Using Information Flow for Whole System Understanding From Component Dynamics

Complex systems that exhibit emergent behaviors arise as a result of nonlinear interdependencies among multiple components. Characterizing how such whole system dynamics are sustained through multivariate interaction remains an open question. In this study, we propose an information flow-based framework to investigate how the present state of any component arises as a result of the past interactions among interdependent variables, which is termed as causal history. Using a partitioning time lag, we divide this into immediate and distant causal history components and then characterize the information flow-based interactions within these as self- and cross-feedbacks.
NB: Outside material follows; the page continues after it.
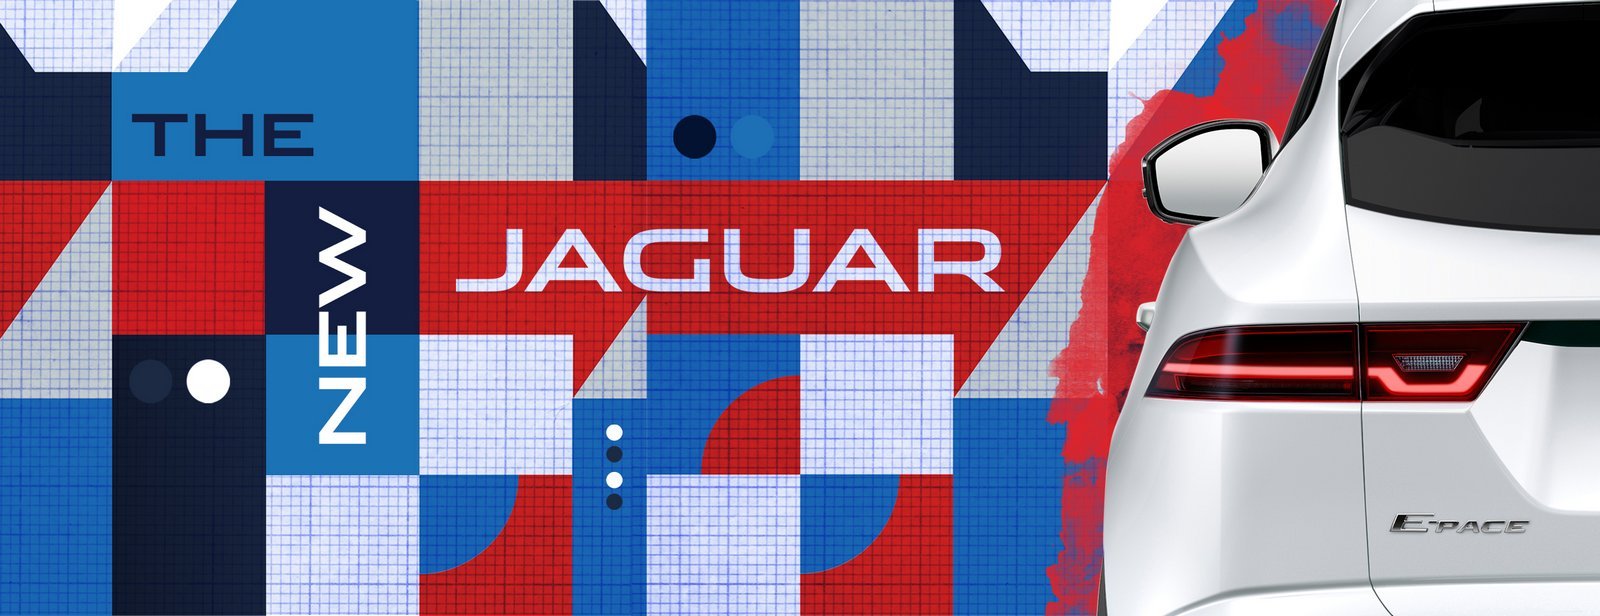 jaguar-e-pace-teaser-3
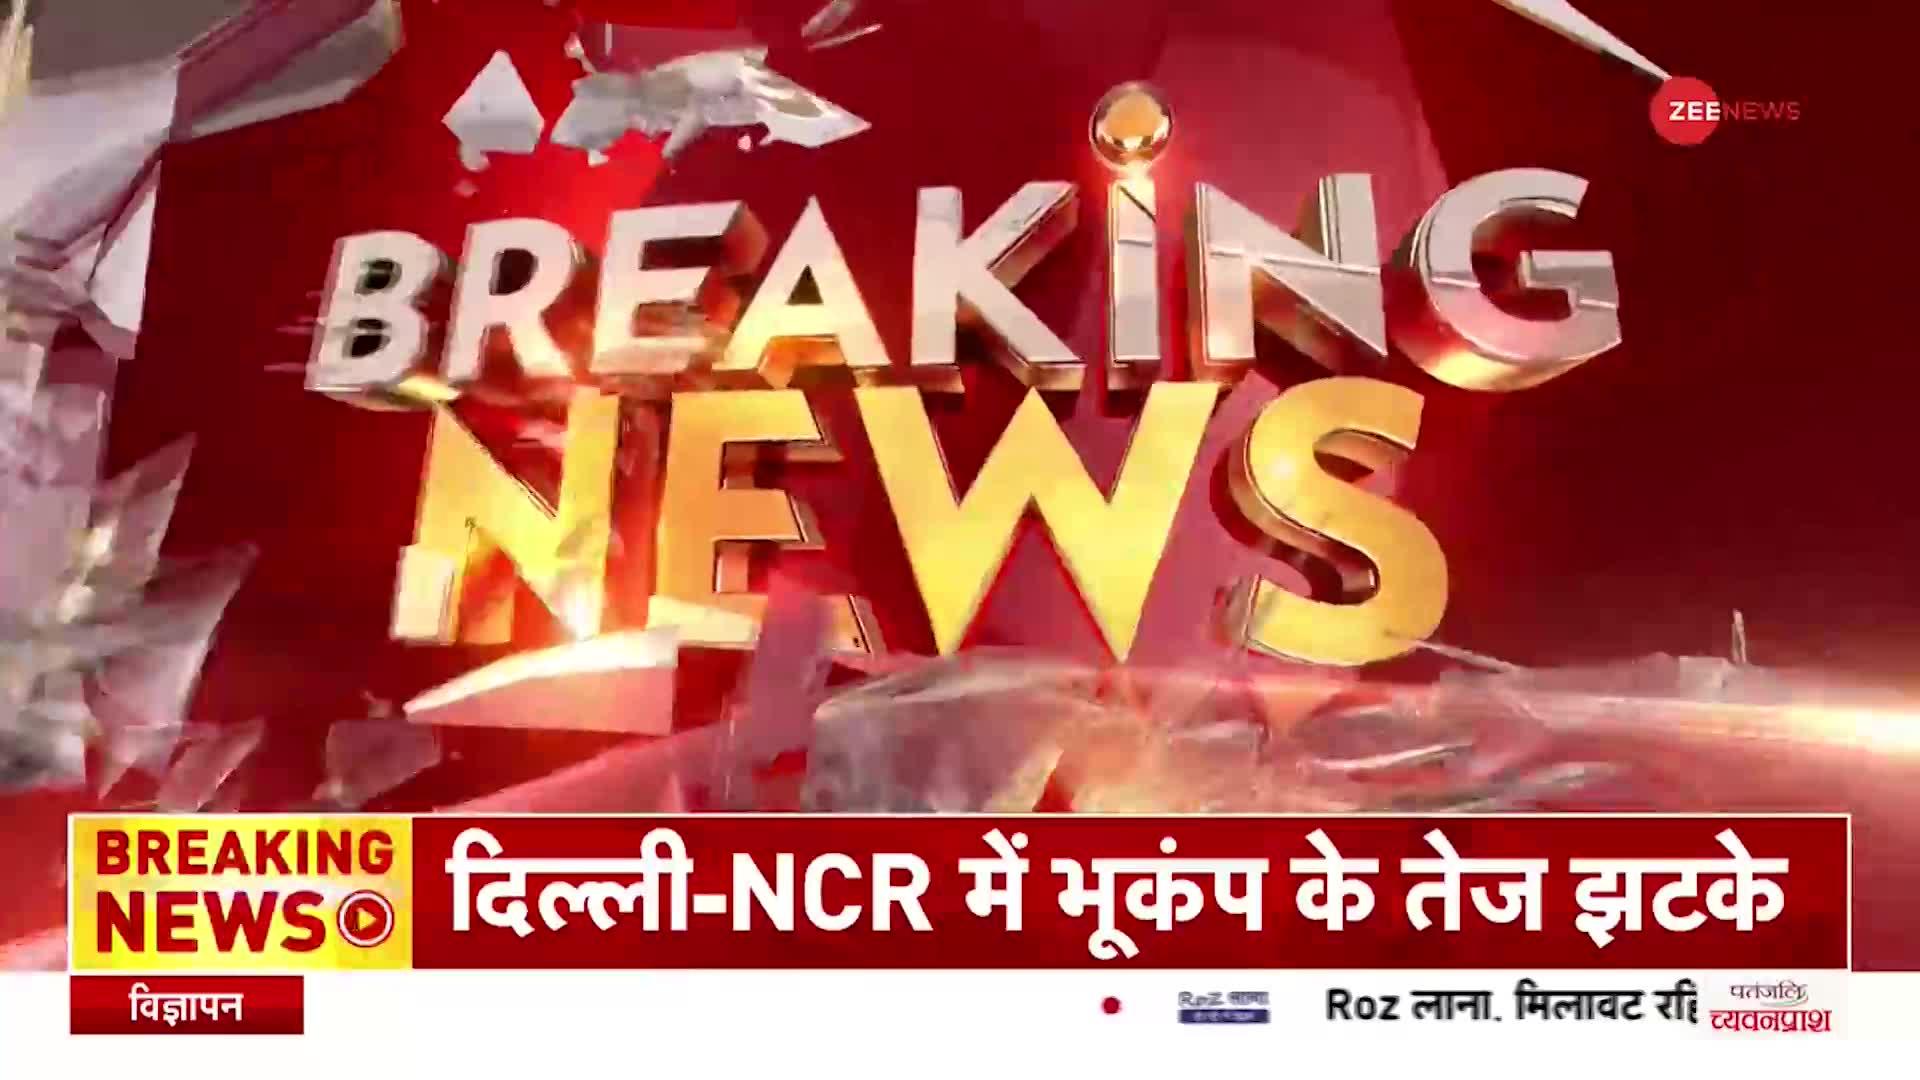 Earthquake in Delhi-NCR: फिर भूकंप से कांपा दिल्ली-NCR, पाक-अफगानिस्तान में भी कांपी धरती

Such a partition allows us to characterize the information flow from the two feedbacks in both histories by using partial information decomposition as unique, synergistic, or redundant interactions. We employ this casual history analysis approach to investigate the information flows in a short-memory coupled logistic model and a long-memory observed stream chemistry dynamics. While the dynamics of the short-memory system are mainly maintained by its recent historical states, the current state of each stream solute is sustained by self-feedback-dominated recent dynamics and cross-dependency-dominated earlier dynamics. The analysis suggests that the observed 1/f signature of each solute is a result of the interactions with other variables in the stream. Based on high-density data streams, the approach developed here for investigating multivariate evolutionary dynamics provides an effective way to understand how components of dynamical system interact to create emergent whole system behavioral patterns such as long-memory dependency.